I partially want to give Charlie a pass because of the autism and ADHD, but he's really getting on my nerves... and if he's getting on my nerves, imagine Robert, Zach, and Nikki trying to deal with him. His odd personality interaction issues are far more pronounced for him than any others I've interacted with that have autism. His tendency to improvise melody and lyrics during the last chance is also really getting quite irritating.

I think that Mario was the right one to go home this week. His singing is definitely quite good, but his acting is just not there at all, and he's really got an ego problem, even still after being called on it. I'm hoping Charlie goes next.


----------



## LoadStar (Jul 24, 2001)

Huh... I guess there isn't a lot of interest in this show. Granted, I'm not even getting to it until now either, so... 

It's about time for Charlie to be sent home.

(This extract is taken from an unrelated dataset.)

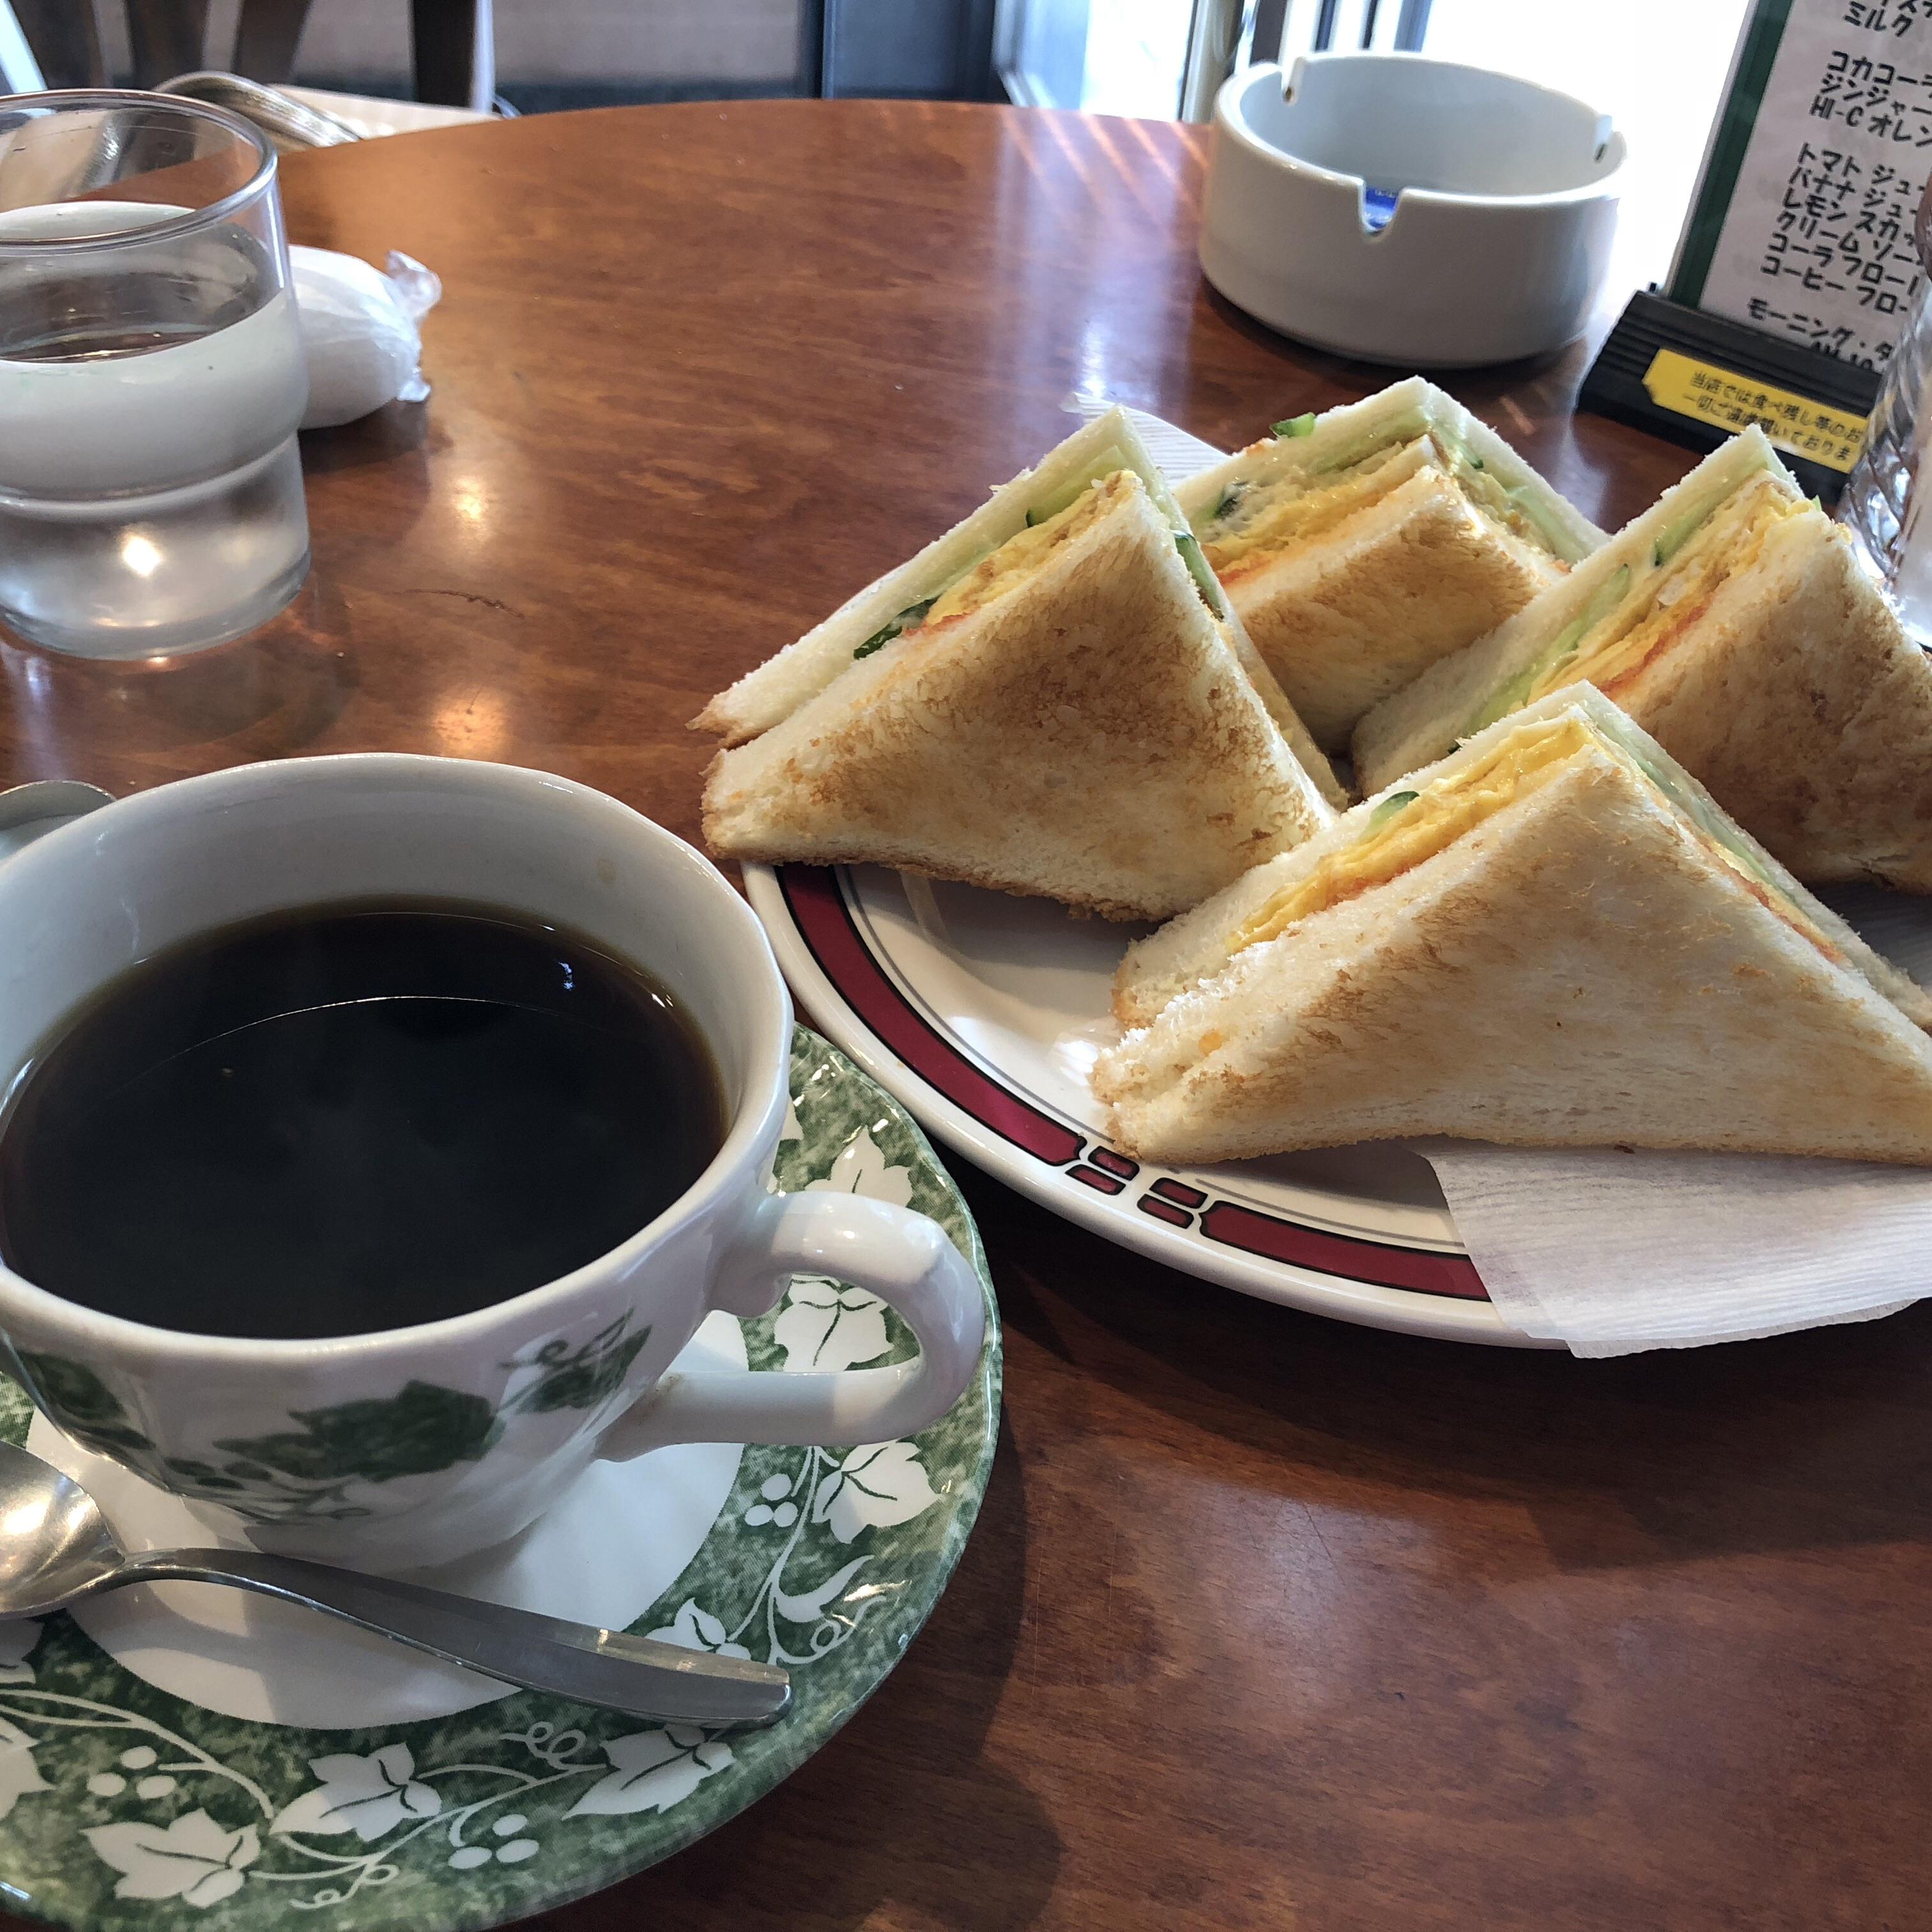 愛知県名古屋市のおすすめモーニング ドリンク一杯でサンドイッチがサービスされるクックタウン

I'm sorry, but he's far too impulsive, partially because he is a very creative individual and partially because of his ADHD. And because of his autism, he doesn't have the self-restraint he needs, and doesn't seem to have had anyone that has helped him to learn how to fake it. Also, as they've said every week so far, his instincts for acting choices have all been odd.

I don't get why Nellie is so in her head -- or why she was so nervous about the whole swimsuit thing. From what I could see, I don't think she had anything to be nervous about. I think she looks good. (As an aside, she sort of reminds me of Tina Majorino a little bit.) If she would get out of her head, I think she would be one of the ones I'd want to see more of on Glee.

I think my other favorite right now is still Aylin, and right now, I think she's my bet to win it all. I think Ryan already has a character written for her.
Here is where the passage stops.